(Exercise instructions): Only the lines from the one holding "Chính chủ bán" through the end of the material are to be repeated, exactly and without pictures.

(Supplied data):
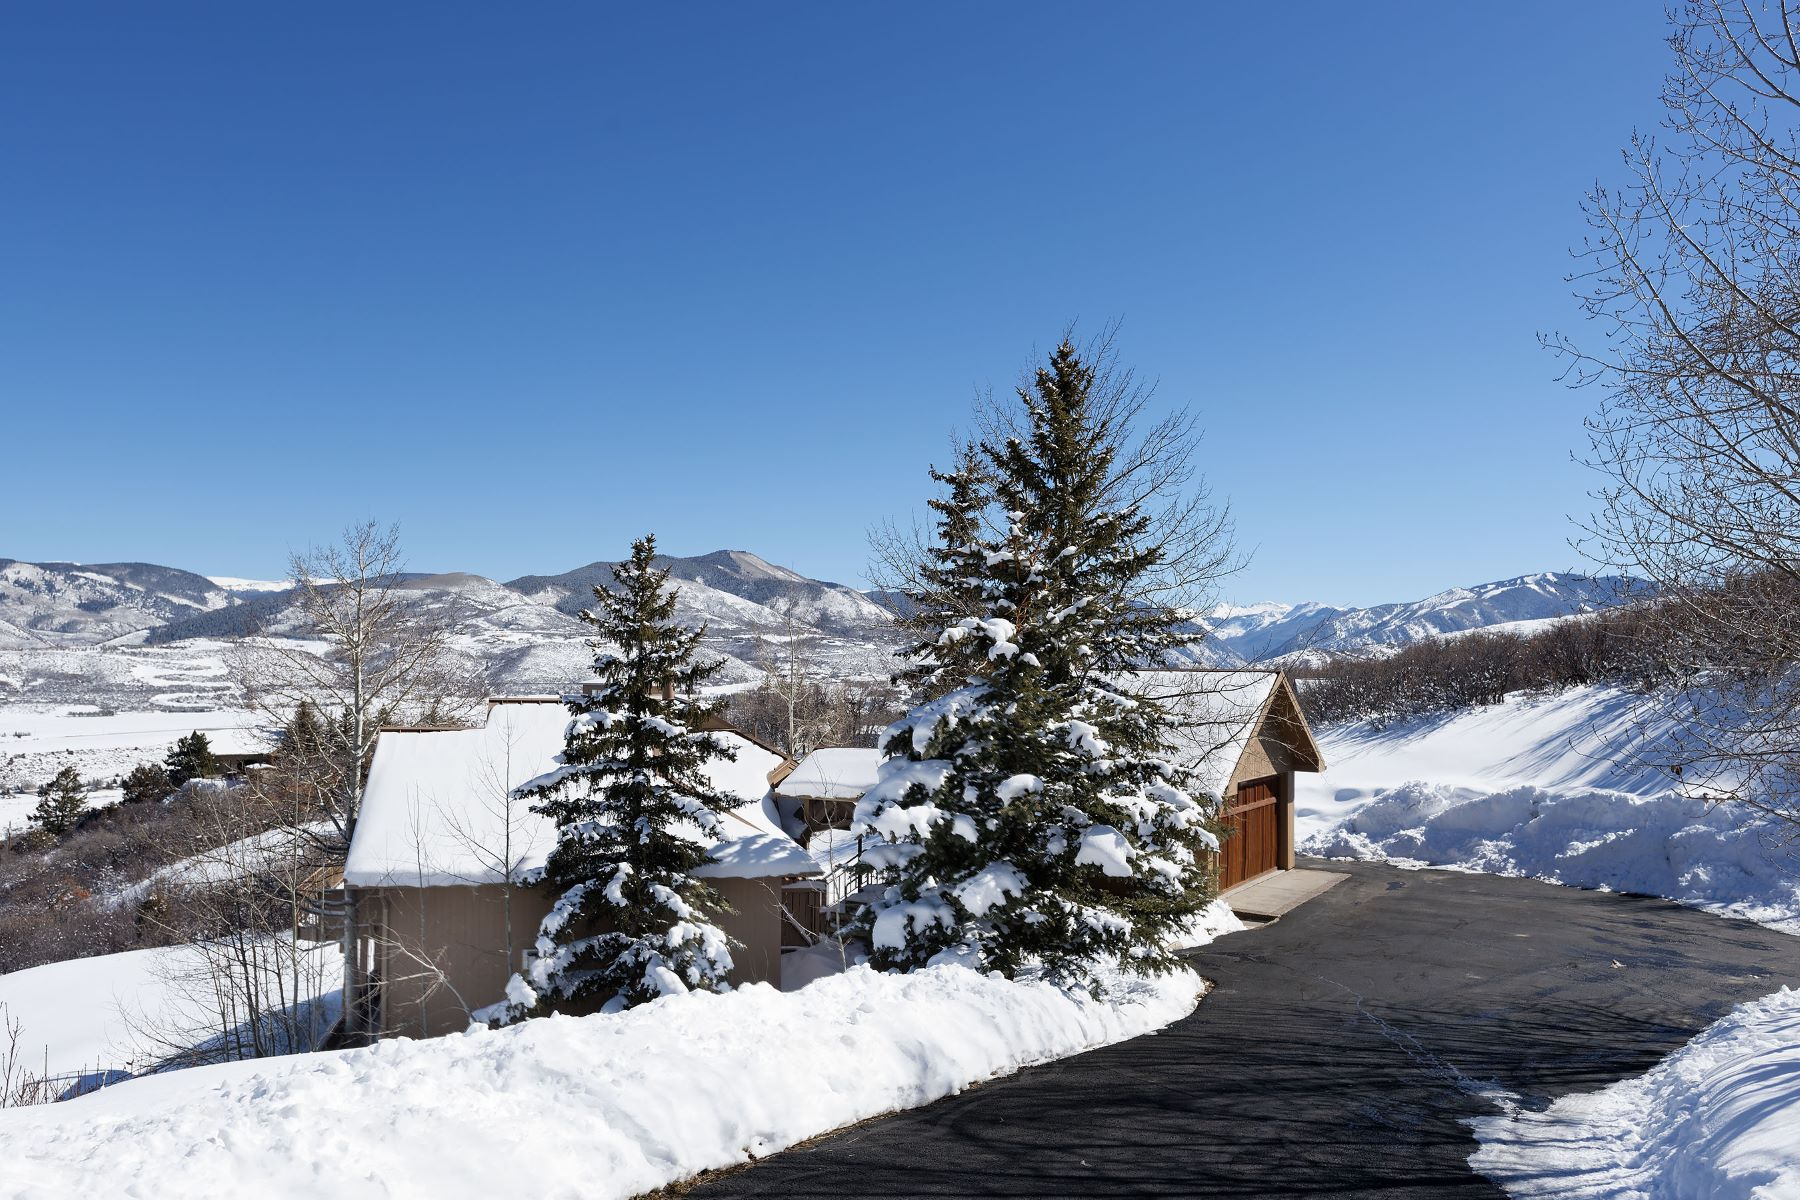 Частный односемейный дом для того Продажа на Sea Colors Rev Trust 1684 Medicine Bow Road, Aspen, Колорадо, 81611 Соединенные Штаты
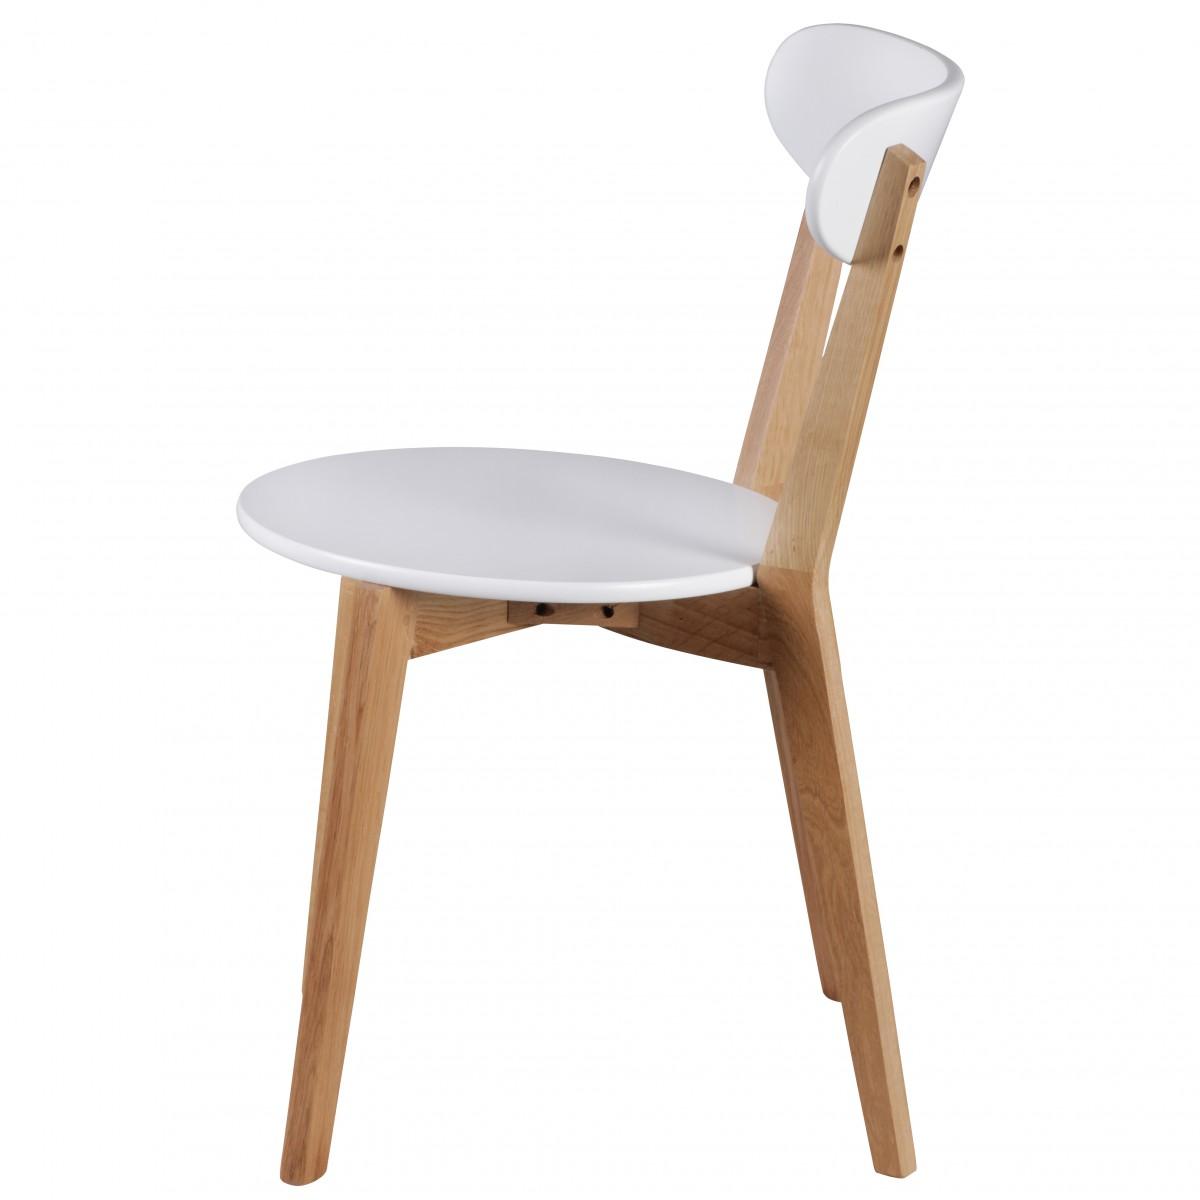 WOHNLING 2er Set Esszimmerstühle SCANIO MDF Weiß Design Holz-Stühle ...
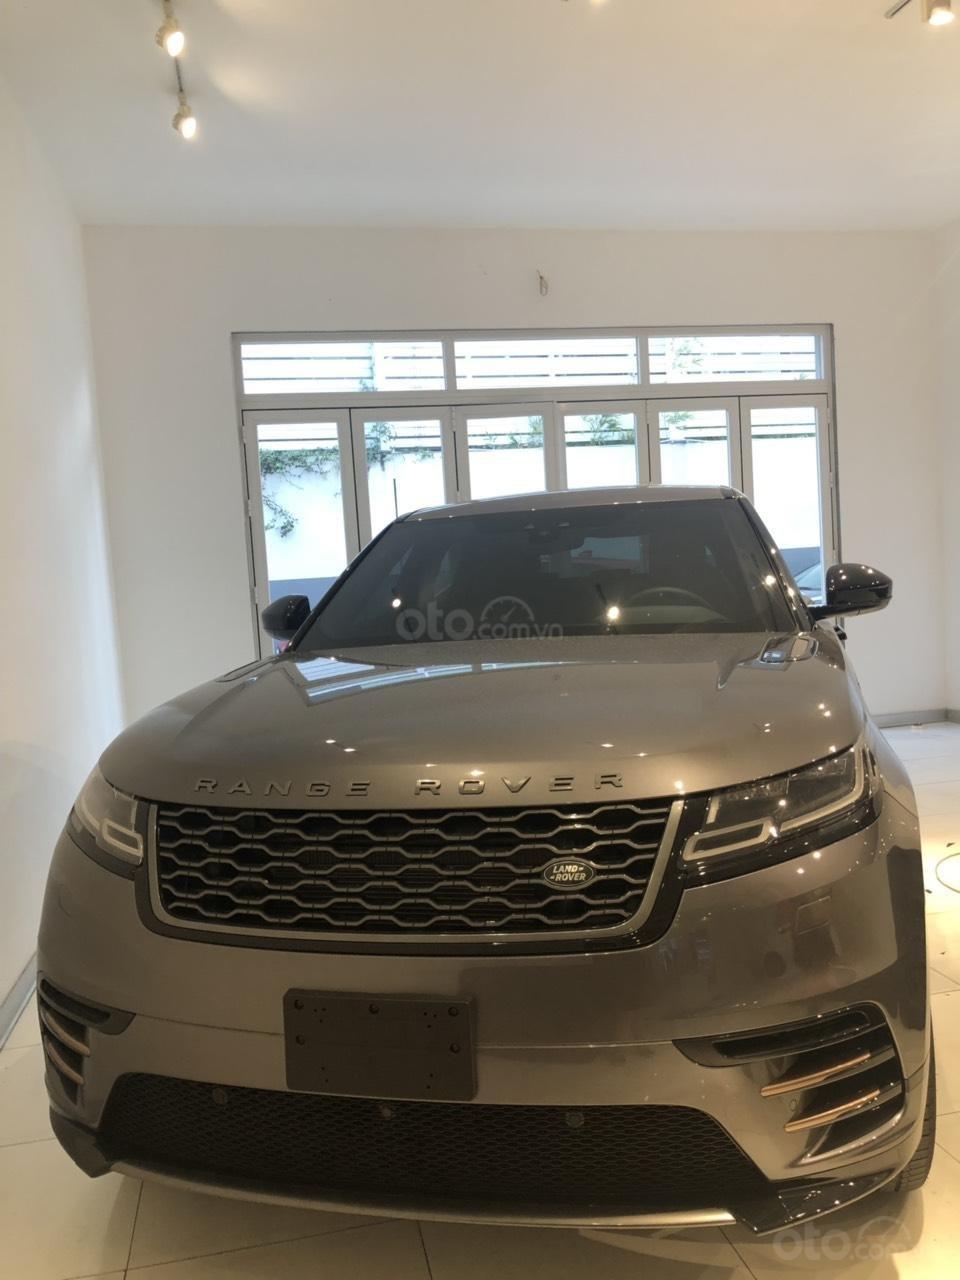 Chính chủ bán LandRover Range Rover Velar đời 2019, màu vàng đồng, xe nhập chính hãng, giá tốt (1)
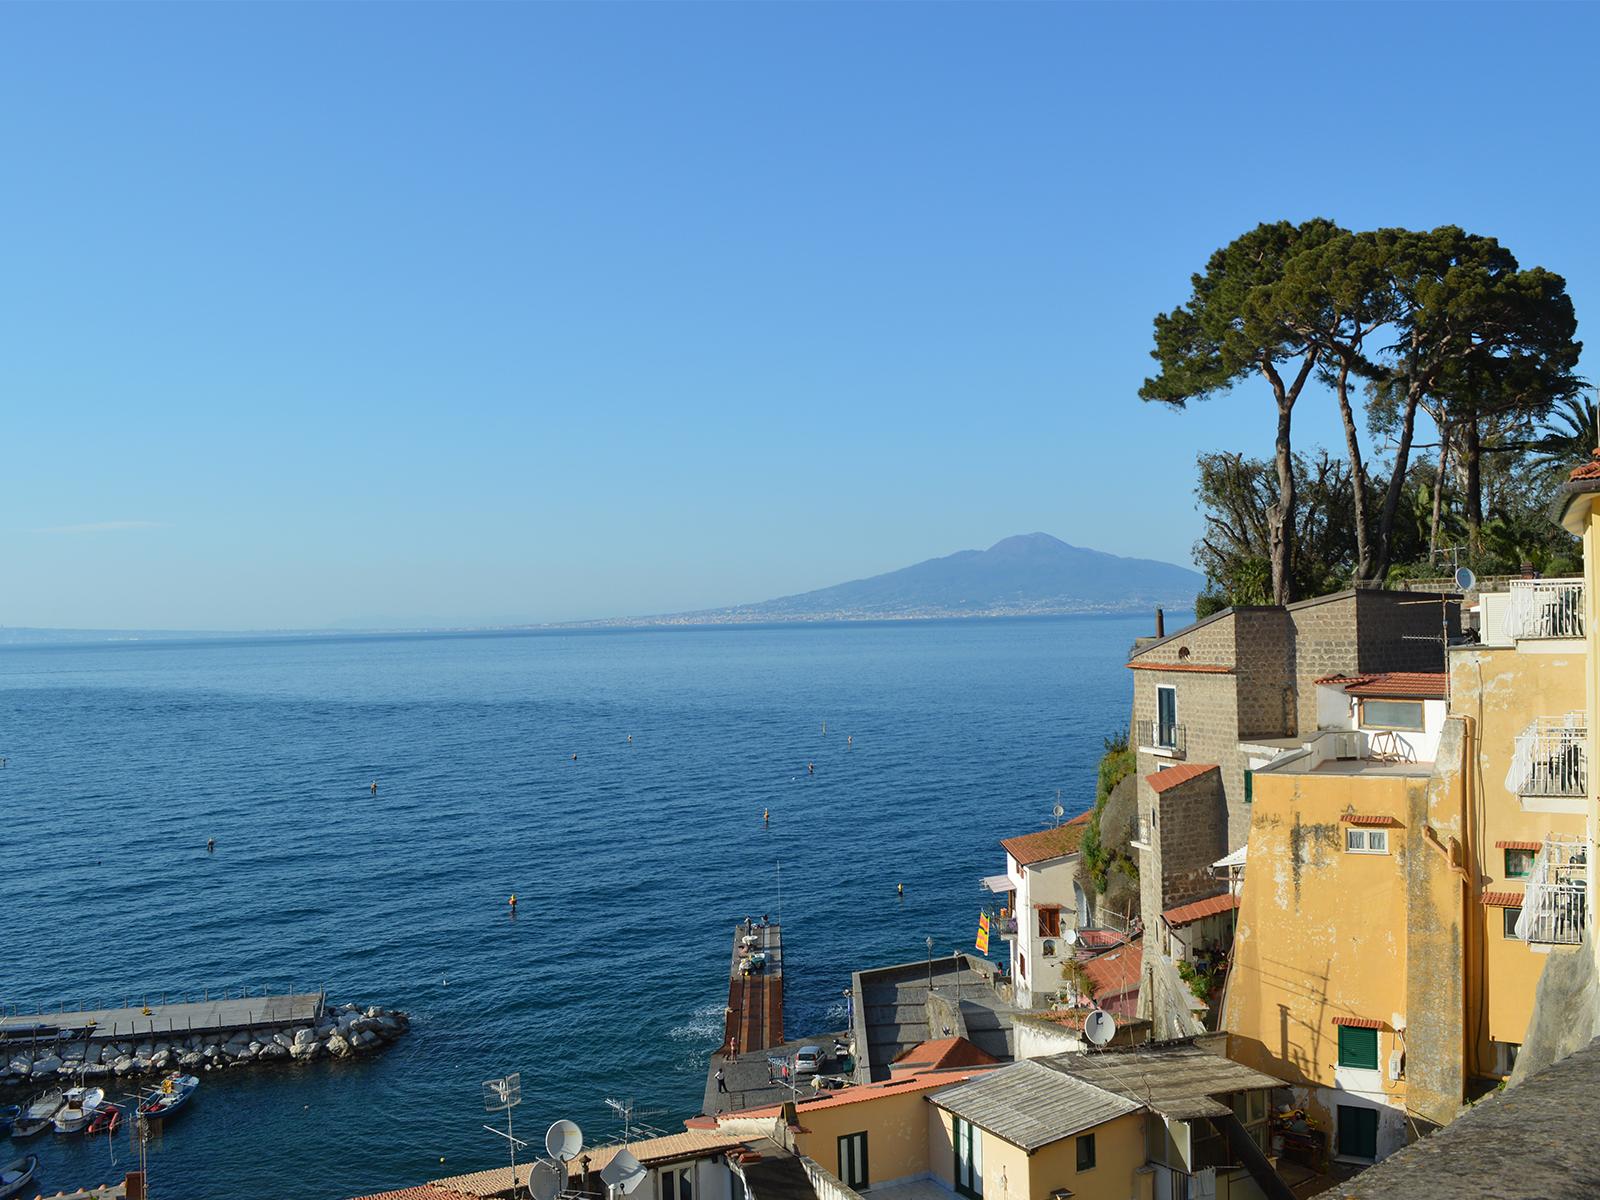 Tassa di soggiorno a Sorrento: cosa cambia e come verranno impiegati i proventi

(Finished exercise):
 Chính chủ bán LandRover Range Rover Velar đời 2019, màu vàng đồng, xe nhập chính hãng, giá tốt (1)
 Tassa di soggiorno a Sorrento: cosa cambia e come verranno impiegati i proventi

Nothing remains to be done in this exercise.